Important: Since all models in our table are evaluated with the same Qwen2.5-VL-72B evaluator, the relative rankings remain valid for fair cross-model comparison. Absolute scores should not be directly compared to GPT-4o-evaluated numbers from published papers.
Understanding Benchmarks¶
| Model | MME (Perc.) | MME (Cog.) | MMMU | MMBench | MM-Vet | MathVista | UEval |
|---|---|---|---|---|---|---|---|
| Bagel | 1691.45 | 695.36 | 0.519 | 0.8428 | 65.9 | 71.6 | 30.9 |
| Show-o2 | 1183.86 | 244.64 | 0.479 | 0.43 | 21.3 | 50.6 | 15.0 |
| Emu3 | 1176.03 | 213.21 | 0.314 | — | 30.0 | 44.9 | N/A |
| Janus-Pro | 1547.93 | 293.21 | 0.407 | 0.6993 | 33.7 | 42.8 | 20.6 |
| Emu3.5 | 832.17 | 271.43 | 0.292 | 0.183‡ | 28.0 | 30.6 | N/A |
| MMaDA | 938.96 | 241.43 | 0.289 | — | 11.4 | 24.9 | — |
| Janus | 1221.35 | 264.29 | 0.273 | 0.4691 | — | — | — |
| Janus-Flow | 1305.63 | 251.07 | 0.290 | 0.6486 | — | — | — |
| Show-o2 1.5B | 1413.30 | 291.79 | 0.371 | 0.6813 | — | — | — |
| OmniGen2 | 1562.63 | 596.79 | 0.460 | — | 42.3 | 0.0† | N/A |
| Show-o | 1188.53 | 244.64 | 0.261 | — | 23.3 | 0.0† | — |
MathVista evaluator
All MathVista scores use Qwen3-32B for answer extraction from model responses, with rule-based normalization for scoring. † OmniGen2 and Show-o produce empty responses on MathVista understanding tasks, resulting in 0.0% accuracy.
UEval compatibility
Emu3 uses separate models for understanding and generation, making it incompatible with UEval's unified evaluation protocol.

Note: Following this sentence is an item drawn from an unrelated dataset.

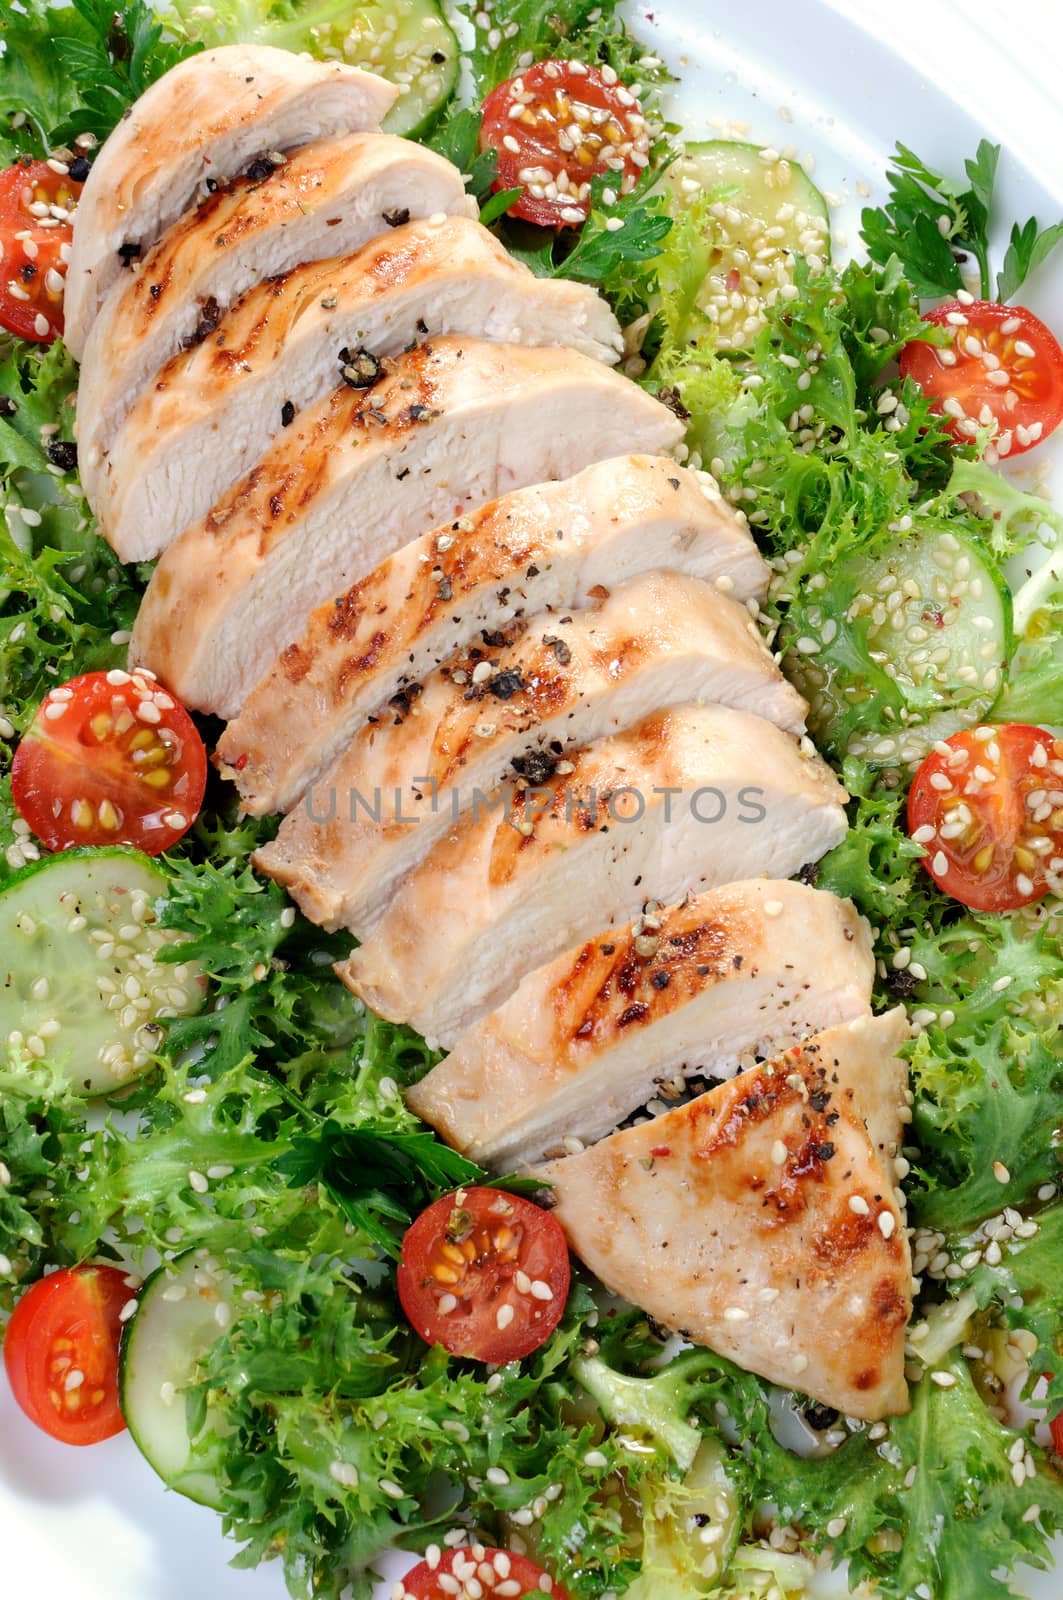 Chicken fillet in a vegetable garnish by Apolonia

Emu3.5 MMBench CircularEval ‡
Emu3.5's MMBench score (18.3%) is far below its naive accuracy (43.7%) due to severe option position bias under MMBench's CircularEval protocol. CircularEval shuffles option order across variants and requires the model to answer correctly on all variants — Emu3.5 picks the same letter regardless of content 23.5% of the time (vs. Emu3's 7.1%), indicating it selects by position rather than understanding. This is an inherent limitation of the unified model architecture, not a code bug.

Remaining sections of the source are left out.